■ **Collected material**
==========

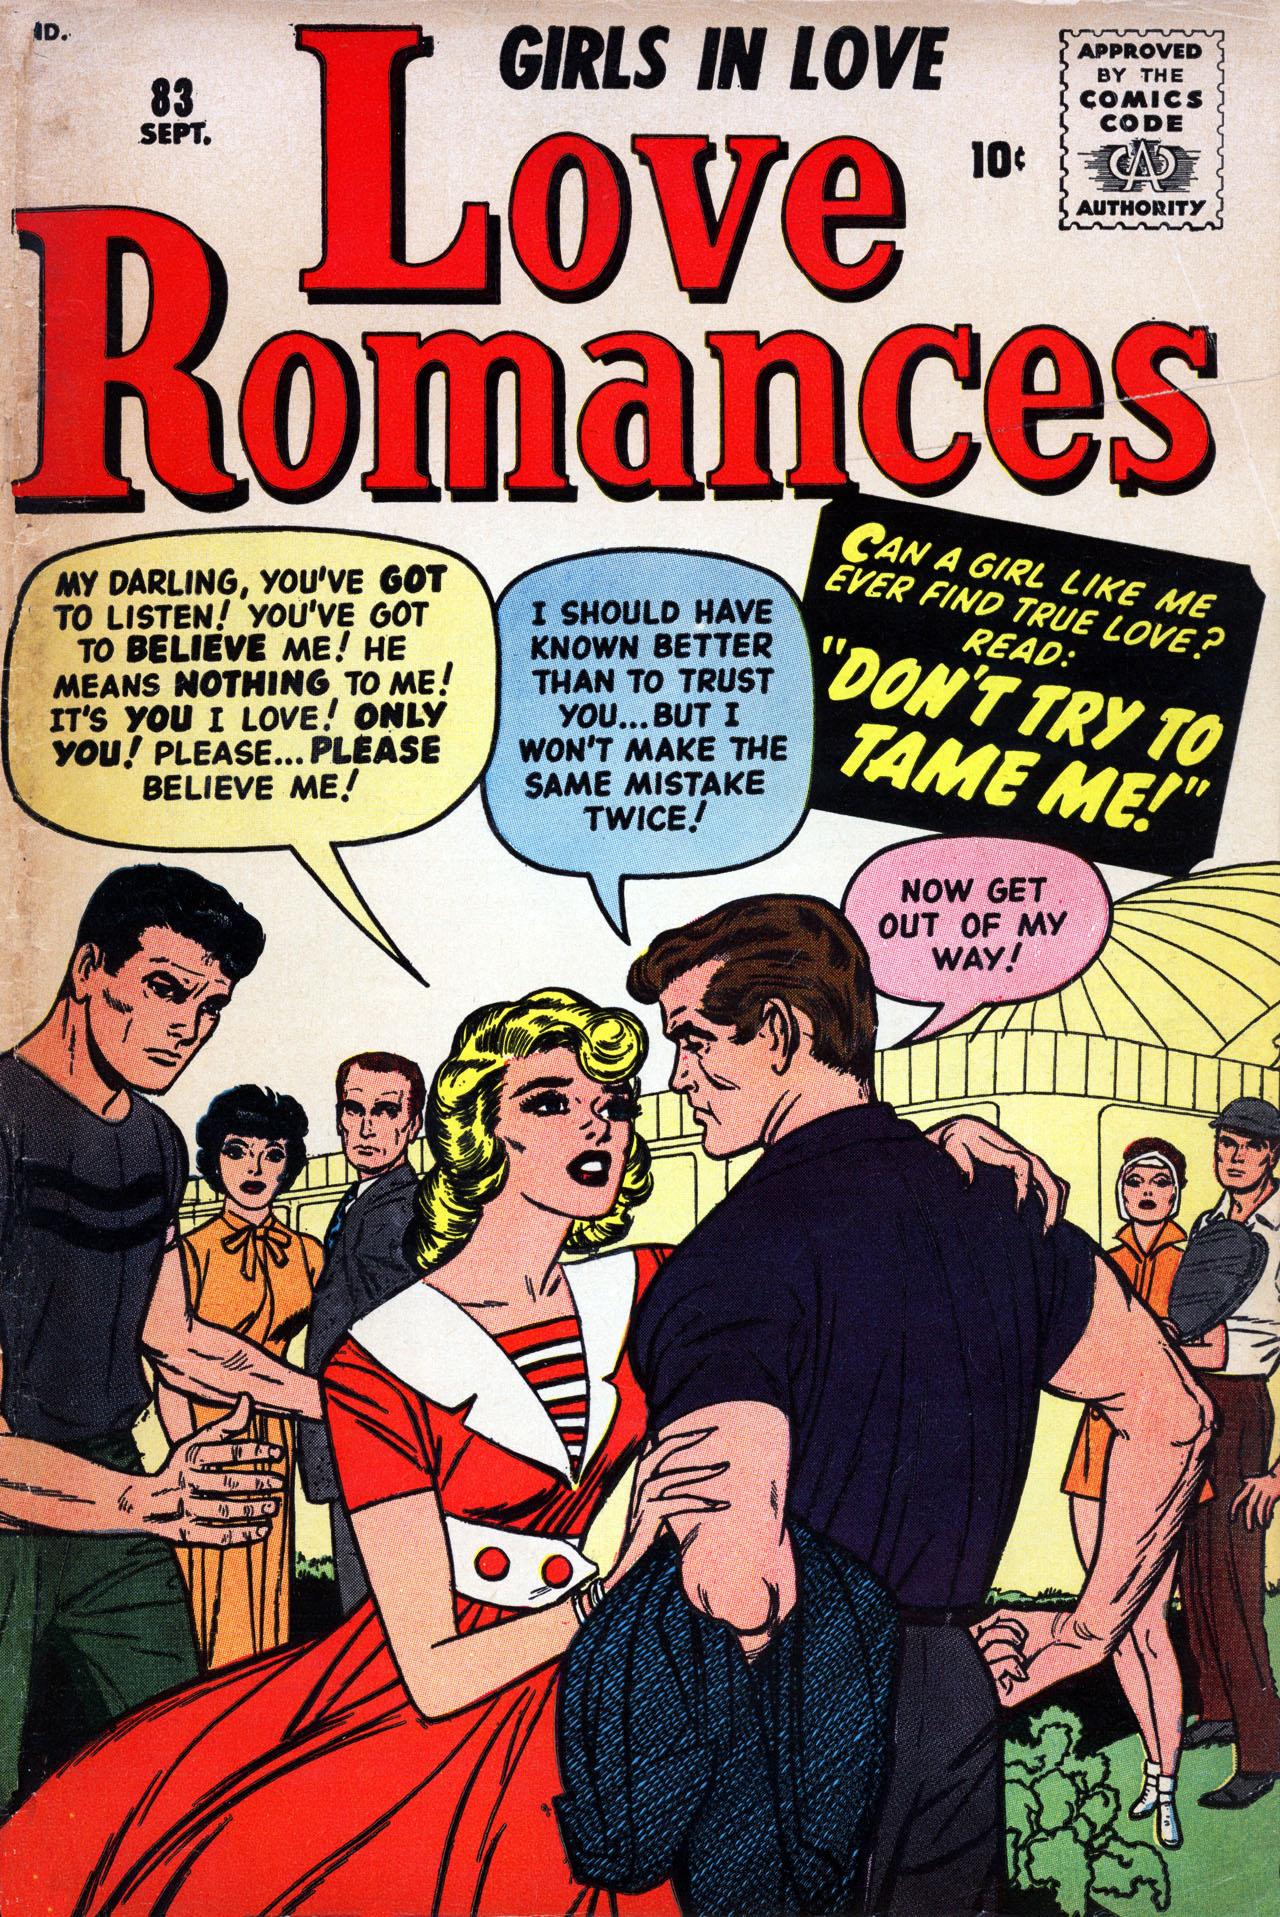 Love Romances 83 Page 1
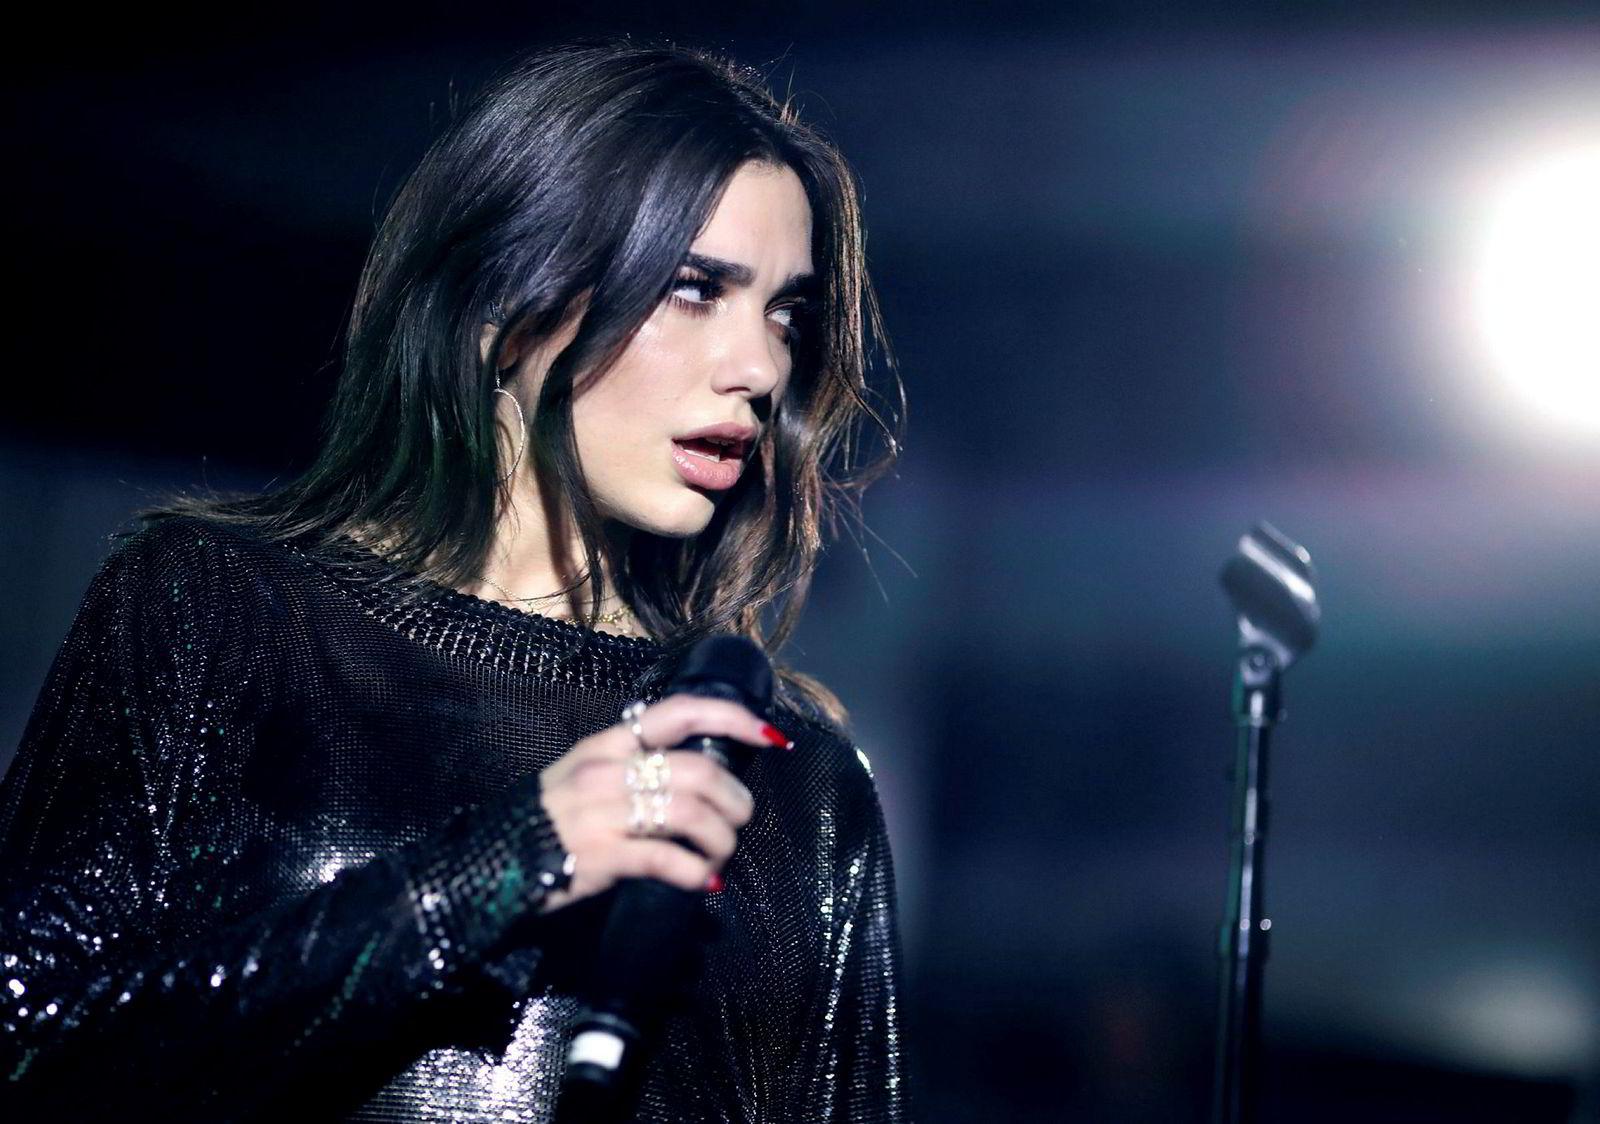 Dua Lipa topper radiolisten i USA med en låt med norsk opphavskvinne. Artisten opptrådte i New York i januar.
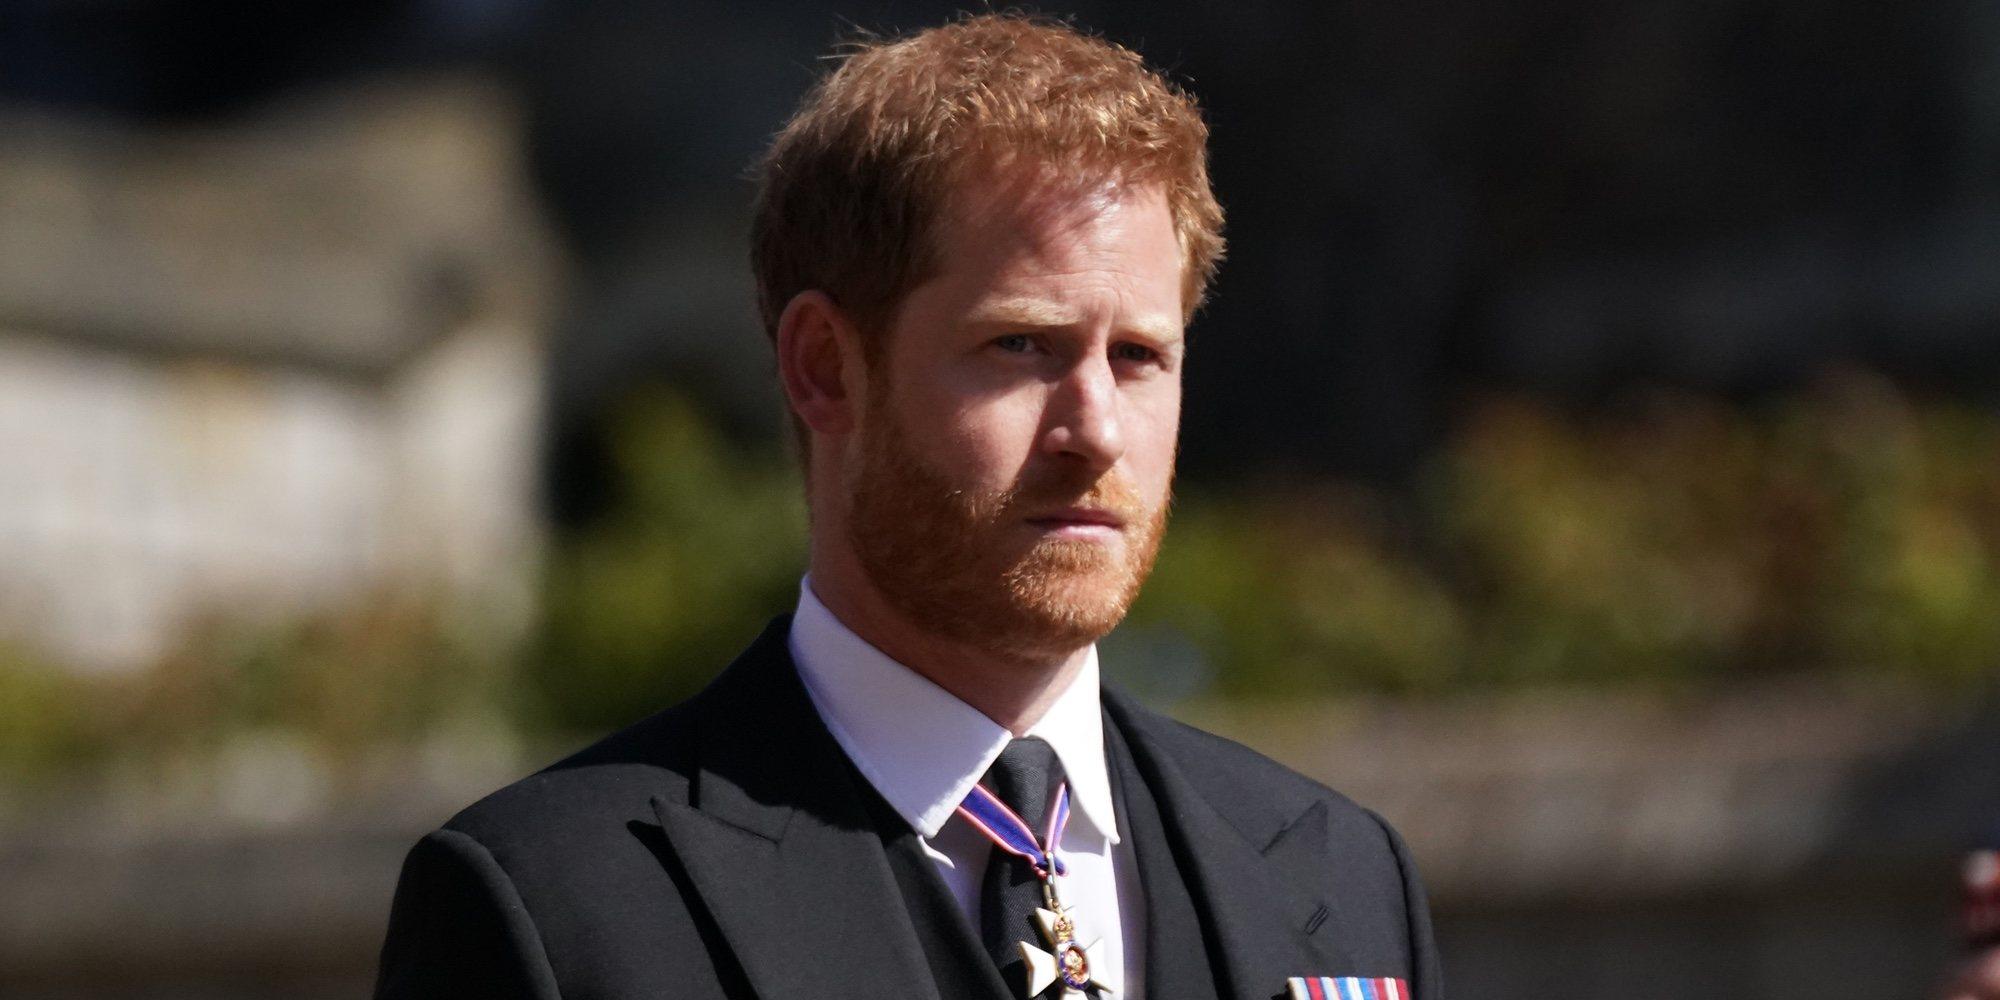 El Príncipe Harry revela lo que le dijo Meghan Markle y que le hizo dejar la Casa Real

==========

■ **What you are asked to do**
Where a picture appears in the listing above, skip it and set down all the rest exactly.

■ **Response**
 Love Romances 83 Page 1
 Dua Lipa topper radiolisten i USA med en låt med norsk opphavskvinne. Artisten opptrådte i New York i januar.
 El Príncipe Harry revela lo que le dijo Meghan Markle y que le hizo dejar la Casa Real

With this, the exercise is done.